Entre les différents plots, l'héliport et le plateau médico-technique, les flux seront constants.
Pour la partie grand public des services, «les couloirs et les accueils ont été dimensionnés de façon à ce qu'il n'y ait pas de queue», insiste Bernard Claeys, ingénieur général responsable de la construction. Résultat: des salles d'attente différentes pour les patients alités et les patients debout.
L'imagerie médicale - scanners, radiologie, IRM - sera également répartie en deux étages, pour différencier les besoins de l'hospitalisation de jour, l'imagerie d'intervention et l'imagerie d'urgence.
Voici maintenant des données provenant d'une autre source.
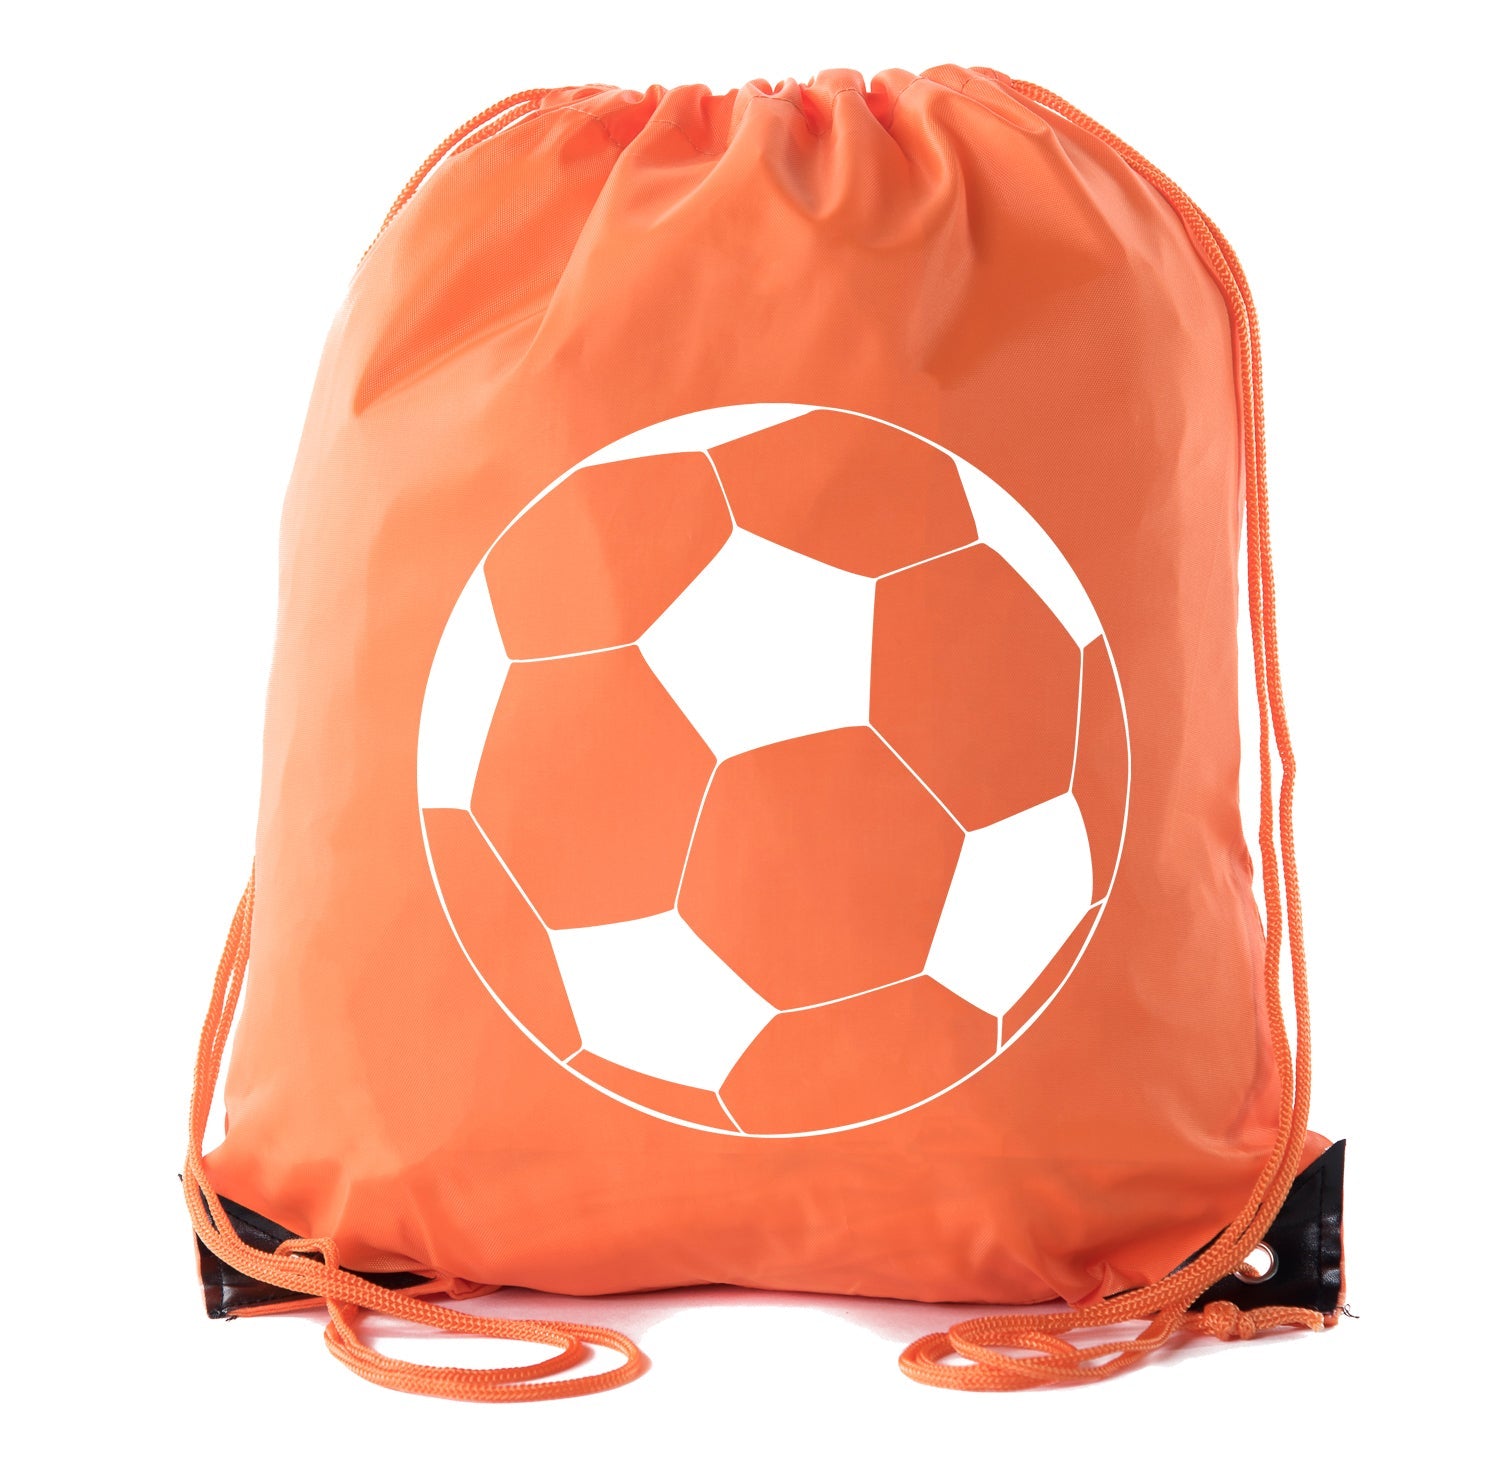 Athletico Drawstring Soccer Bag Blue

Pour les biens, des chariots automatiques devraient convoyer les consommables, les produits pharmaceutiques, le linge, les repas... avec une gare par plot et par étage.
Trois en un
Aujourd'hui les activités du centre hospitalier d'Amiens sont disséminées sur quatre sites, aux quatre coins de la ville. L'hôpital Nord, qui regroupe beaucoup des services, le centre de gynécologie-obstétrique (CGO) au sud, le centre Saint-Victor au nord-est et le bâtiment Fontenoy de l'hôpital sud. À terme, il ne restera que le CHU sud et le centre Saint-Victor, ce dernier étant destiné aux hospitalisations de longue durée, aux soins de suite et de réadaptation des personnes âgées.
Si, mi 2014, le bâtiment est livré et terminé, ce sera le début d'un pas de danse un peu complexe, d'un déménagement en deux temps qui reste à valider. «Le transfert devrait commencer par les activités critiques: urgences, réanimation, blocs opératoires», prévoit Catherine Geindre. Voilà pour les activités de l'hôpital nord.
Cependant, le bâtiment Fontenoy nécessite une réhabilitation avant l'emménagement final. Cette réhabilitation ne pourra se mener qu'à vide: certains services du bâtiment Fontenoy devront donc migrer vers l'hôpital nord, pendant la durée des travaux. Du moins, pour ceux qui n'intégreront pas le nouveau bâtiment. Dans cet intervalle, il ne resterait au nord que des services de médecine, de dermatologie, d'endocrinologie. Bref, des spécialités médicales qui n'ont pas besoin de bloc chirurgical, comme l'indique la directrice du CHU: «On ne va pas se retrouver dans un désert au nord. Mais plutôt des activités moins consommatrices de chirurgie et, éventuellement, des urgences.»
«C'était plus facile comme organisation plutôt que de délocaliser entièrement le bâtiment Fontenoy au nord, pendant les travaux, ajoute-t-elle. Par ailleurs, cette solution était économiquement plus adaptée. Nous devons utiliser au mieux les moyens financiers qui nous sont alloués.» Pour la gestionnaire de l'hôpital, ne garder qu'un seul plateau technique en fonctionnement permet des économies.
Si les travaux avancent bien, si le déménagement se passe correctement, la direction du CHU envisage que tout soit terminé en 2016.
Mais la prochaine étape pour le CHU c'est en janvier 2014 avec l'ouverture du centre de cancérologie. Dans le bâtiment qui abritait l'oncologie et l'hématologie seront regroupés d'autres services destinés à traiter le cancer: les chimiothérapies, les soins de support et d'accompagnement, les greffes de cellules souches de moelle osseuse, etc.
«Le CHU est en train d'organiser des activités d'excellence», avance Catherine Geindre. Objectif affiché: le regroupement des services pour améliorer l'attractivité du CHU. Car en France, la rémunération des hôpitaux exalte la concurrence (voir notre article).
La visite du chantier a été organisée vendredi 13, par les services du Centre hospitalier universitaire. Les photos sont personnelles, mais les illustrations ont été fournies par le service communication du CHU et sont à créditer à Aart Farah (architectes).